La décision R. c. Larouche est la première à être rendue en matière de production de matériel de pornographie juvénile avec l’utilisation de la technologie de l’hypertrucage (en anglais, «deepfake»). Celle-ci permet par exemple d’intégrer le visage d’une personne sur le corps d’une autre, et ce, de façon ultraréaliste. L’accusé dans cette affaire a été condamné à une peine globale de 8 ans d’emprisonnement pour possession, distribution et production de matériel de pornographie juvénile.

Outre la quantité de fichiers possédés par l’accusé, 545 000, qui place sa «collection» parmi les plus importantes de l’histoire judiciaire, la décision mérite d’être soulignée afin d’alimenter une réflexion sur les répercussions des nouvelles technologies dans le domaine du droit criminel.

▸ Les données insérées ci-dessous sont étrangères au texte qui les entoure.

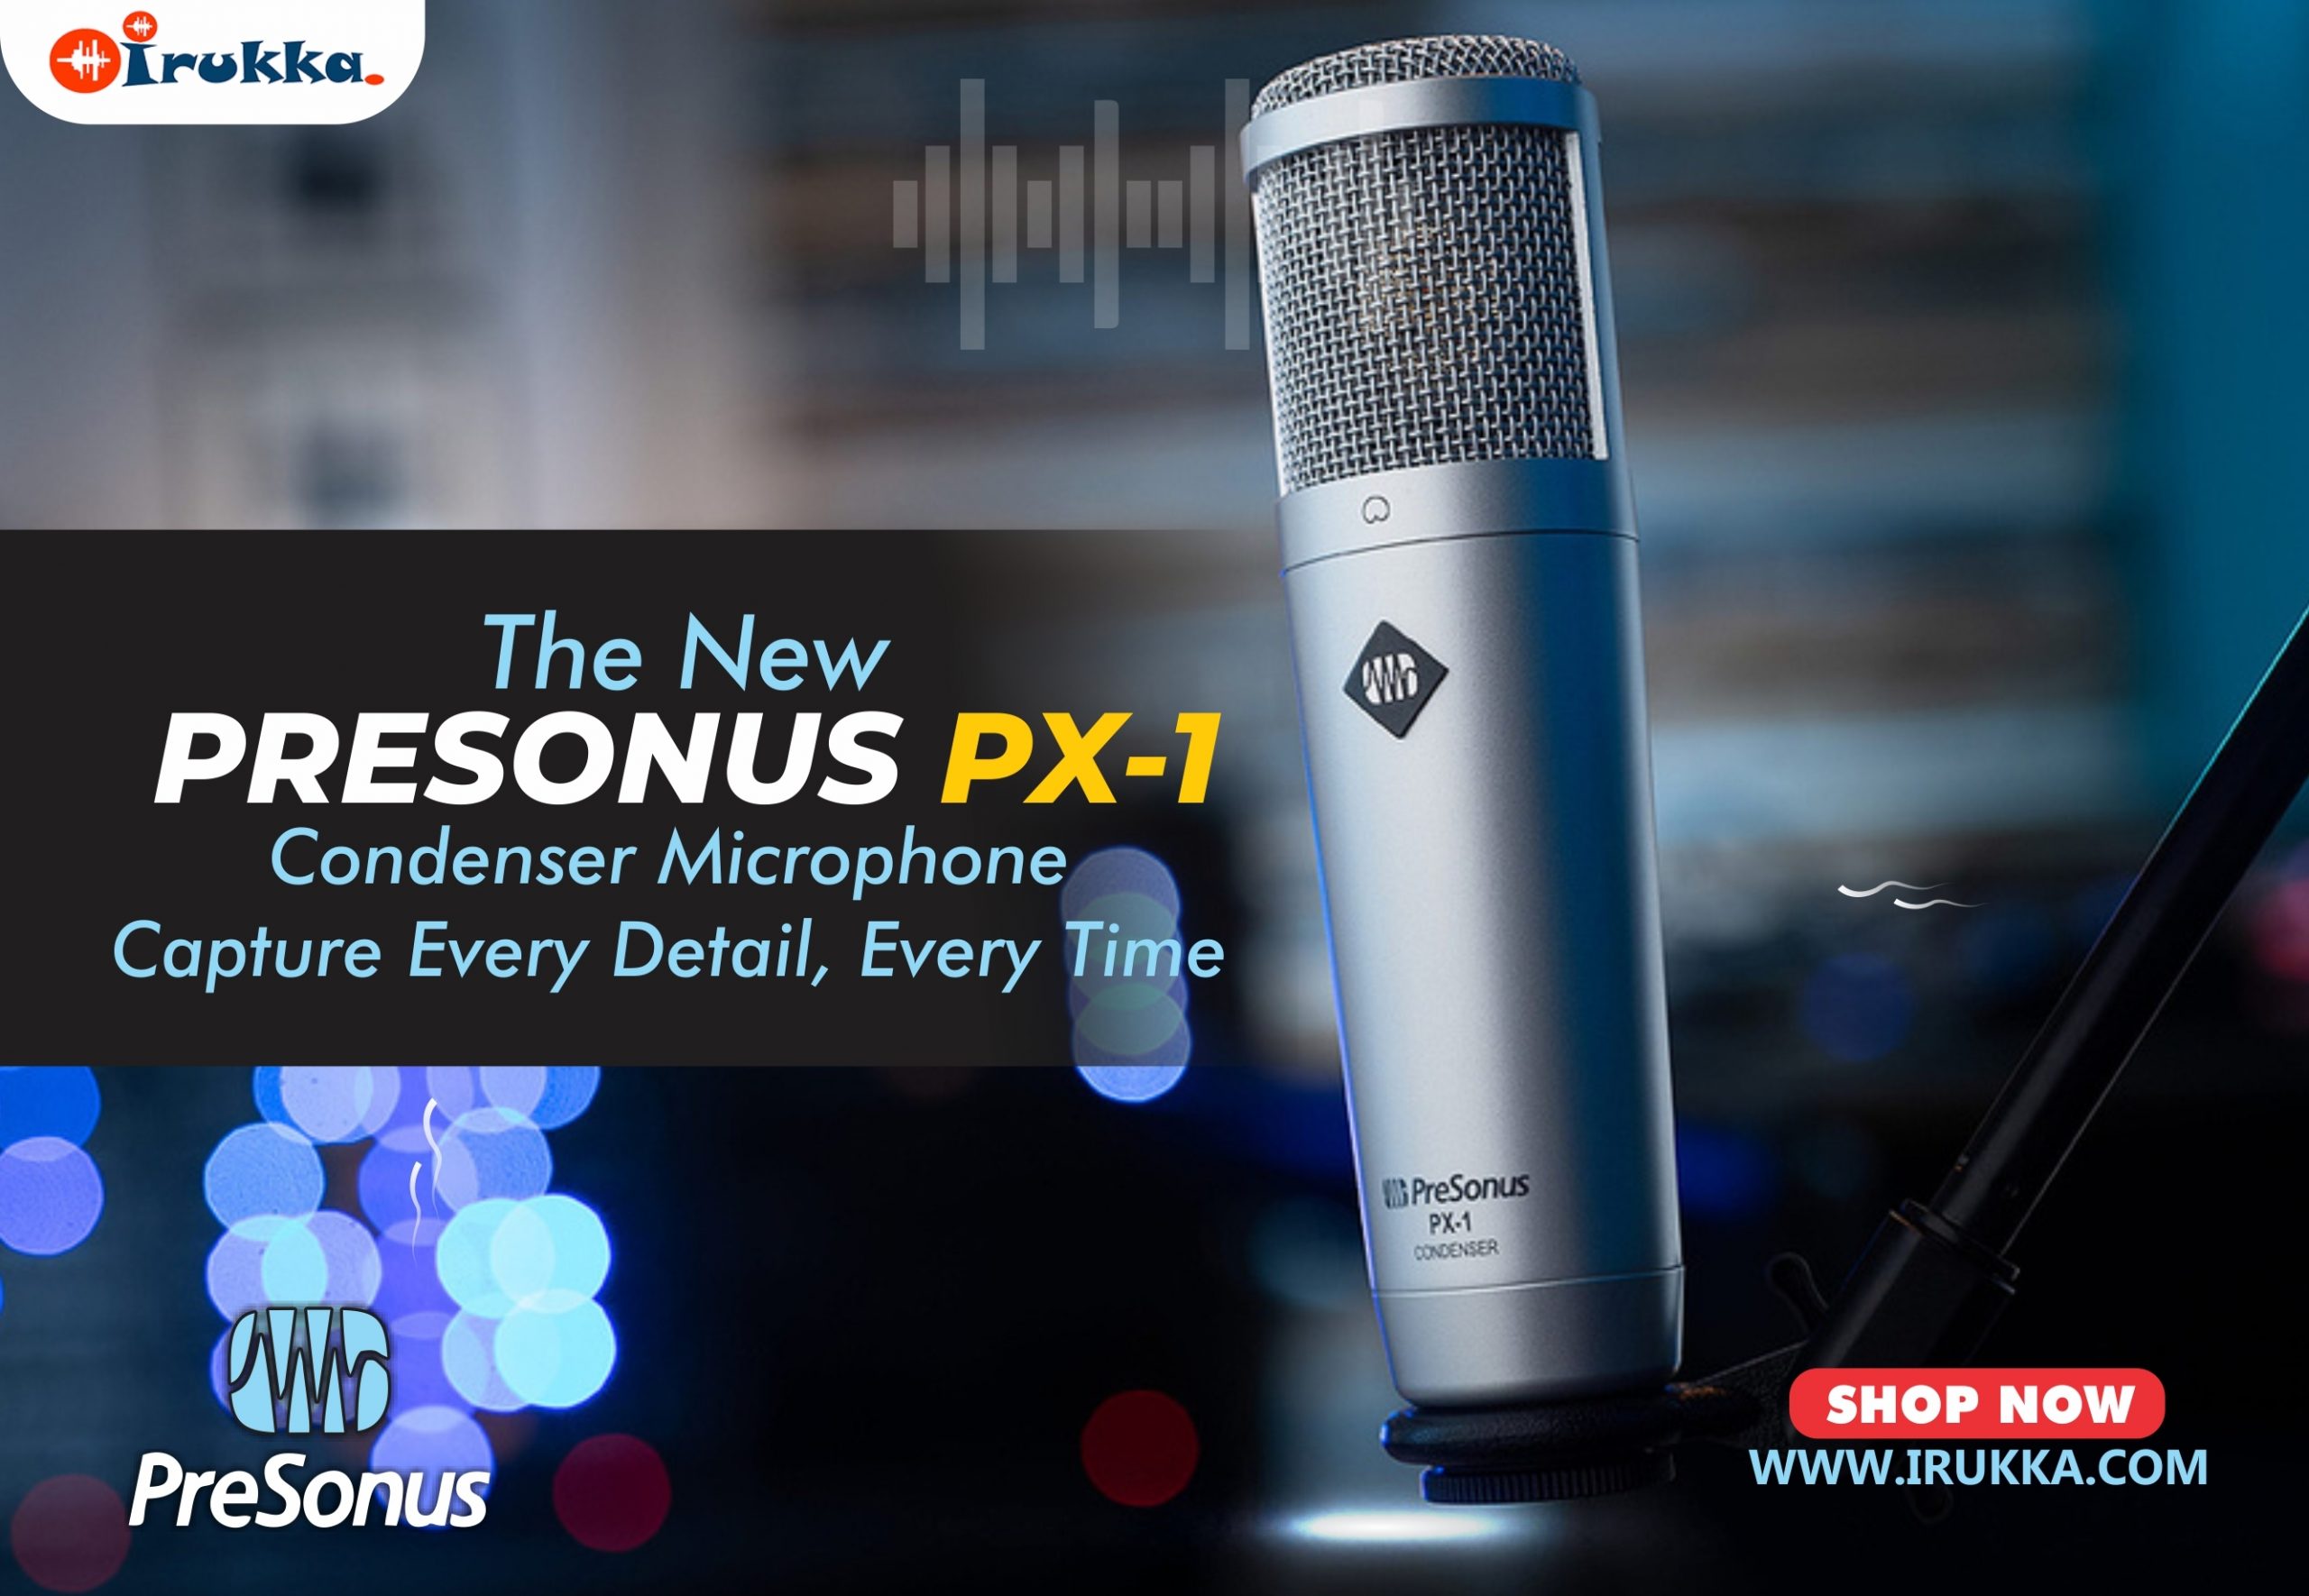 The New PreSonus PX-1 Condenser Microphone Capture Every Detail, Every Time
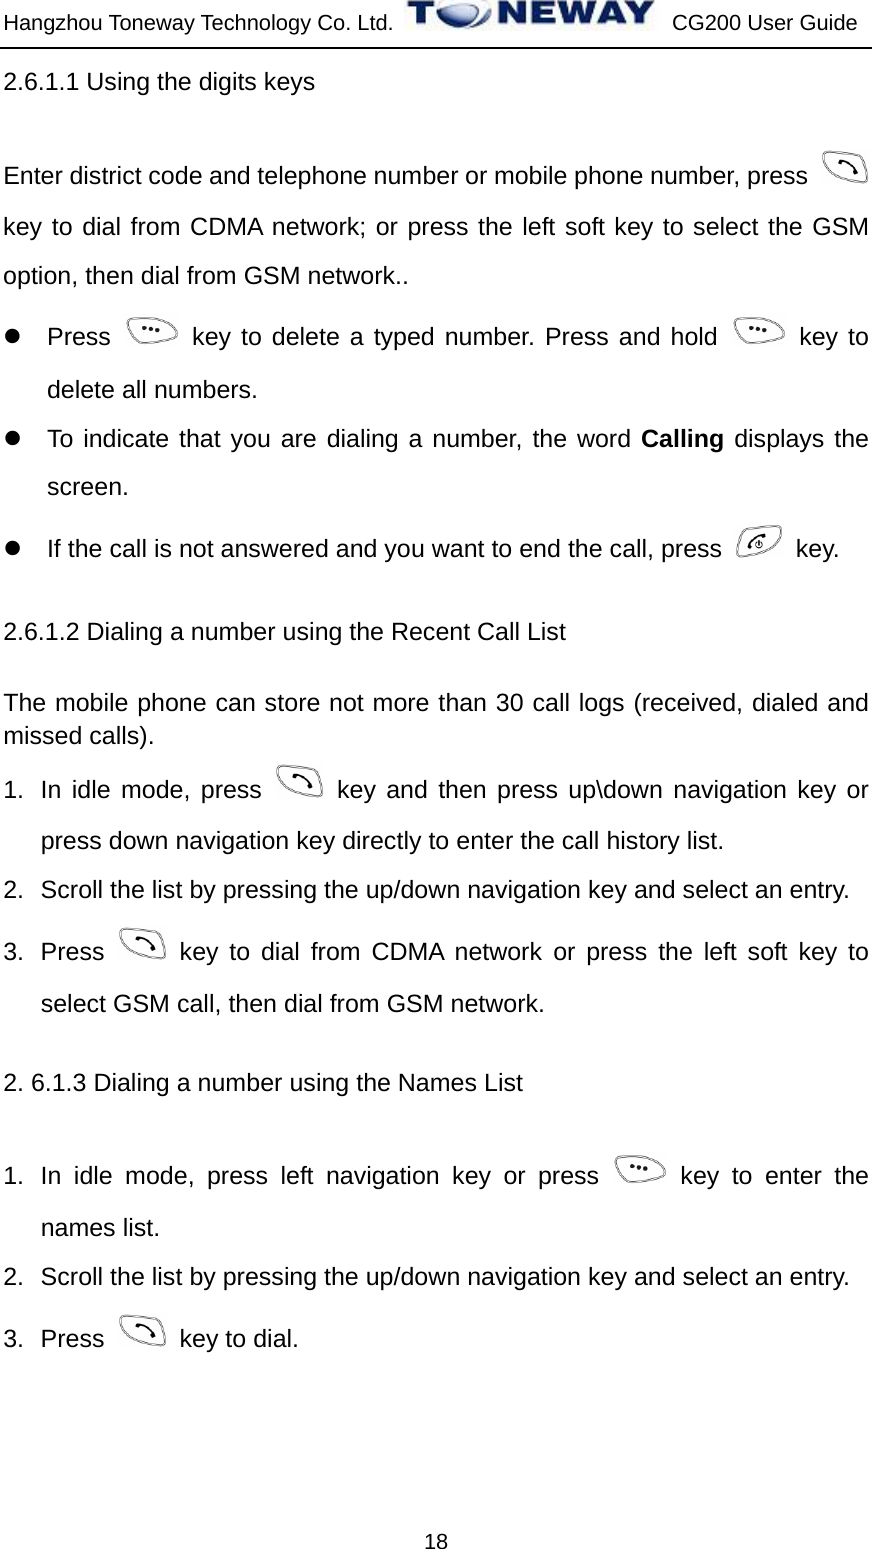 Hangzhou Toneway Technology Co. Ltd.    CG200 User Guide 18 2.6.1.1 Using the digits keys Enter district code and telephone number or mobile phone number, press   key to dial from CDMA network; or press the left soft key to select the GSM option, then dial from GSM network.. z Press   key to delete a typed number. Press and hold   key to delete all numbers. z  To indicate that you are dialing a number, the word Calling displays the screen. z  If the call is not answered and you want to end the call, press   key. 2.6.1.2 Dialing a number using the Recent Call List The mobile phone can store not more than 30 call logs (received, dialed and missed calls). 1.  In idle mode, press   key and then press up\down navigation key or press down navigation key directly to enter the call history list. 2.  Scroll the list by pressing the up/down navigation key and select an entry. 3. Press   key to dial from CDMA network or press the left soft key to select GSM call, then dial from GSM network. 2. 6.1.3 Dialing a number using the Names List 1.  In idle mode, press left navigation key or press   key to enter the names list. 2.  Scroll the list by pressing the up/down navigation key and select an entry. 3. Press    key to dial.

En effet, comme le souligne le juge, «[l]’avènement et le développement des nouvelles technologies ont tristement contribué à la prolifération de la pornographie juvénile» (paragr. 12), et l’utilisation de l’hypertrucage à cette fin semble placer les autorités policières «dans une nouvelle ère de cybercriminalité» (paragr. 66).

Les faits

Les enquêteurs affectés au module technologique de la Sûreté du Québec ont constaté que l’adresse IP de l’accusé était active depuis environ 3 ans dans le partage de fichiers connus comme relevant de la définition de «pornographie juvénile». Ils ont réussi à télécharger 16 fichiers complets et 1 fichier incomplet de pornographie juvénile à partir de l’ordinateur de l’accusé. Le logiciel robotisé qu’ils ont utilisé a noté 1 257 occurrences de disponibilité de fichiers connus comme constituant de la pornographie juvénile à partir de l’adresse IP de l’accusé.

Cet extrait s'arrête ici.